Jan 02, 2011 23:40
before i send it out with a bang (quite literally the best one I've ever had) I need to write down some memories so I'll always have them. (and because I would do anything to drain this moody sort of heartbreaking feeling that trading Charleston for Asheville always creates...)
(in Charleston I woke up on the first day of the New Year to watch an Emancipation Day parade float by right in front of Landon's house and I was drunk on SO many kinds of love, I can't even begin to explain the perfection all the reckless joy I have to give up now.
but let's back up and navigate towards the only reason I ever write. i'm thinking 20947019274 things about a man and I need to sort them out.
i'm changing. i don't need to define it all anymore. im starting to accept that some relationships just unravel in tangled ways when historically i've always needed to wrap someone around my finger.
(i can be as deep as I need to be. as honest. this is only for me.)
(how much i've changed in 7 days alone)
arguing with landon last night about Pawlowski's ability to blow magic dust in my face (and every girl's face for that matter) and he is almost enraged that
I lose all my rationality, become weak in the knees. and on my best/worst days even fall for an illusion.

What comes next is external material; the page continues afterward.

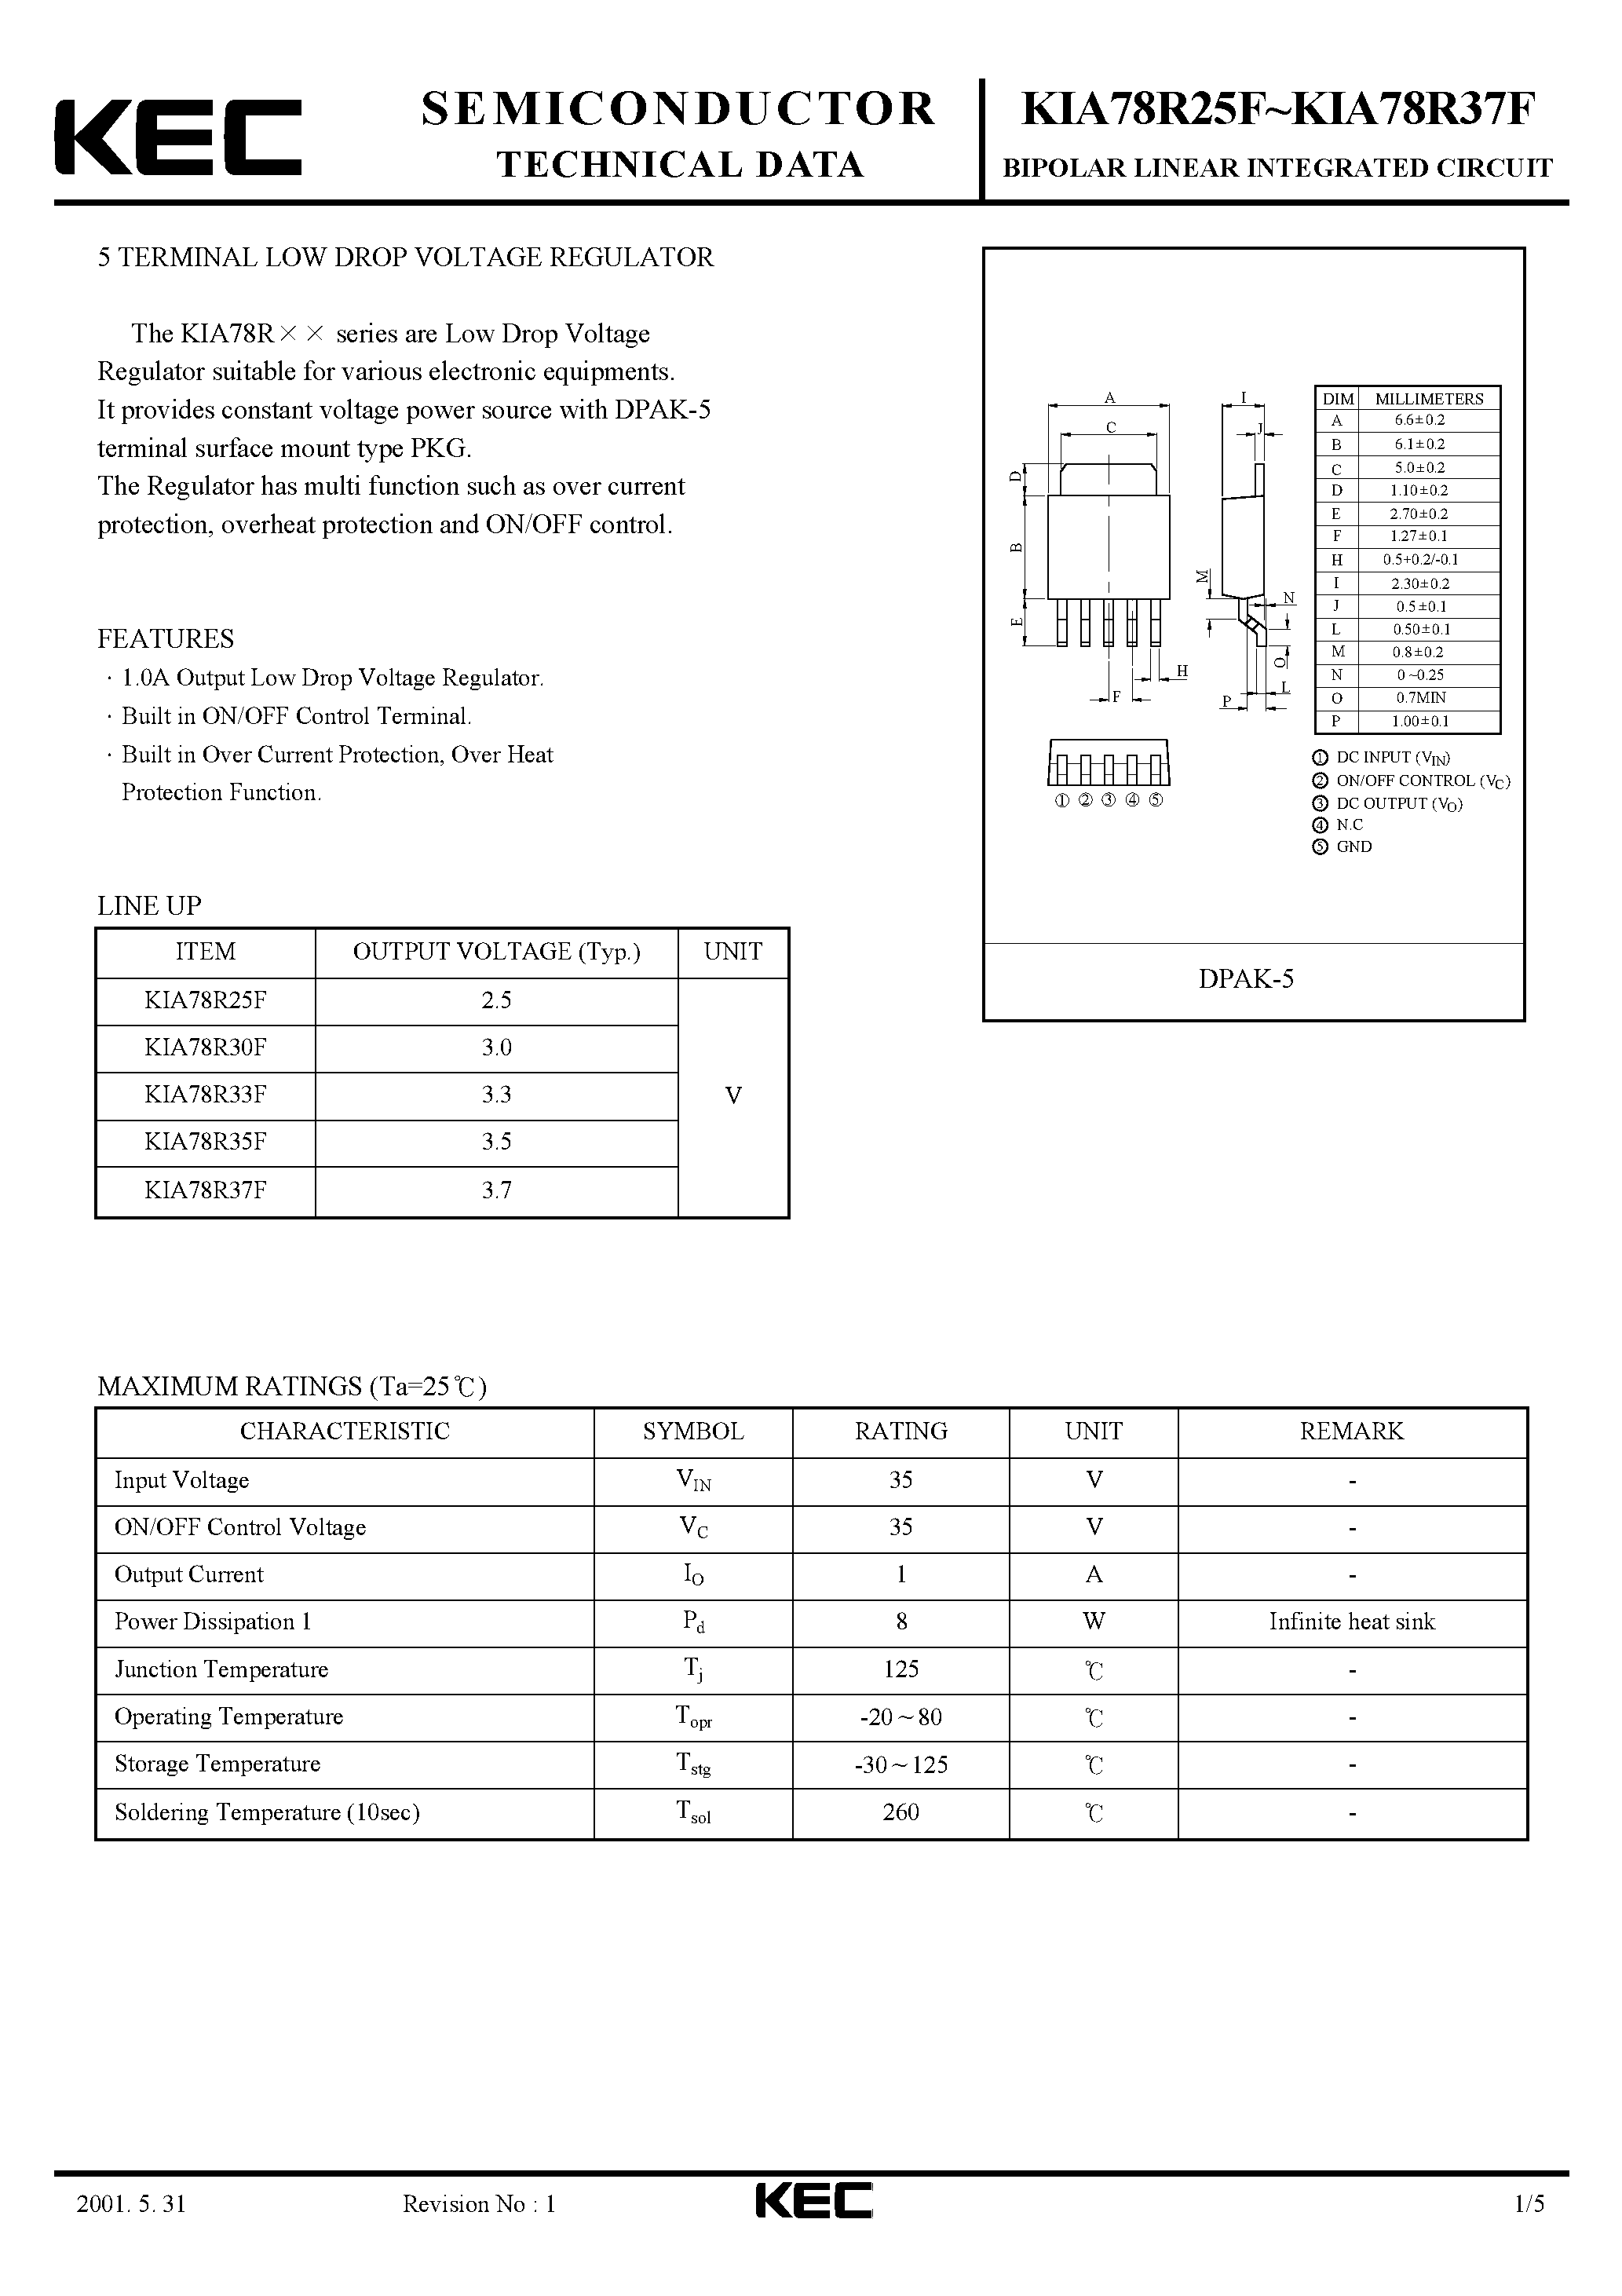 Datasheet KIA78R37F - BIPOLAR LINEAR INTEGRATED CIRCUIT (5 TERMINAL LOW DROP VOLTAGE REGULATOR) page 1

he knows me better. I know me better. i'm out of control and definitely out of character these days and loving every second of it.
he's just Pawlowski
i spend hours trying to see down his soul. I try to see what he is thinking and at times I feel like he knows I'm capable reading his mind, reaching down and pulling his heart back in it's proper place because I think his has sunk way down low. so low he doesn't even care if it beats sometimes. women live to do this.
and then just as easily I don't care. just as easily, I can't. for the sake of my own sanity.
(how can you simultaneously and truly care and not care at the same time?)
we climb up a tomb from the 1800s. sit at the top of this tomb in a historic graveyard (a scene exclusive to charleston and actually gorgeous in the sense that I feel nothing one should feel in a graveyard, just a calm sort of anger and disbelief laced with an overwhelming urge to laugh and kiss him. he has already slept with 3 women since I've been gone)
who does that? what angry star runs your devil/angel heart? how long will you live like this? do you even want to? (he is so honest. he is so fucked up. he is me if I was honest to myself) i have so much to say to you but suddenly i don't care if it all gets said.
i wrote you a letter (in my usual emo fashion) but I'd rather call you a fucking whore to your face in a graveyard on top of a tomb six feet in the air in charleston south carolina where it is 70 degrees on the last night of december where I feel absolutely crazy for you where you have blown magic dust in my face
and I kiss you knowing you'll save nothing for me, I kiss you only because your curious affection for me is almost tangible therefore I know it's real, even if everyone shakes their heads at us. even if everyone tells me I've been drastically duped. I FEEL IT IN YOU.
i kiss you because I know that we are about to call it a night and like last week you will hold me all night in the most perfect way I like to be held without any expectation (thats part of the magic you blow in my face.)
every girl is in love with you. i see them in the living room glaring at me because you've blown magic on them too. they want you like I had you last night
all the way inside them, your hand between the abdomen and the bed fucking them like a ghost running through a wall kissing their back, pulling their hair. so good it's like the lust induced dreams I have in the morning before you even touch me. so good you wake up the whole house.
i've never felt like this. i don't think you even have anything to do with it.
i feel like i'm waking up. it's not even about you.
i've been accidentally attaching because i think that equates to love.
but i can feel love just fine. i can look in your eyes and take what I want. and i can leave.
we were all born to leave.
there are all different kinds of love.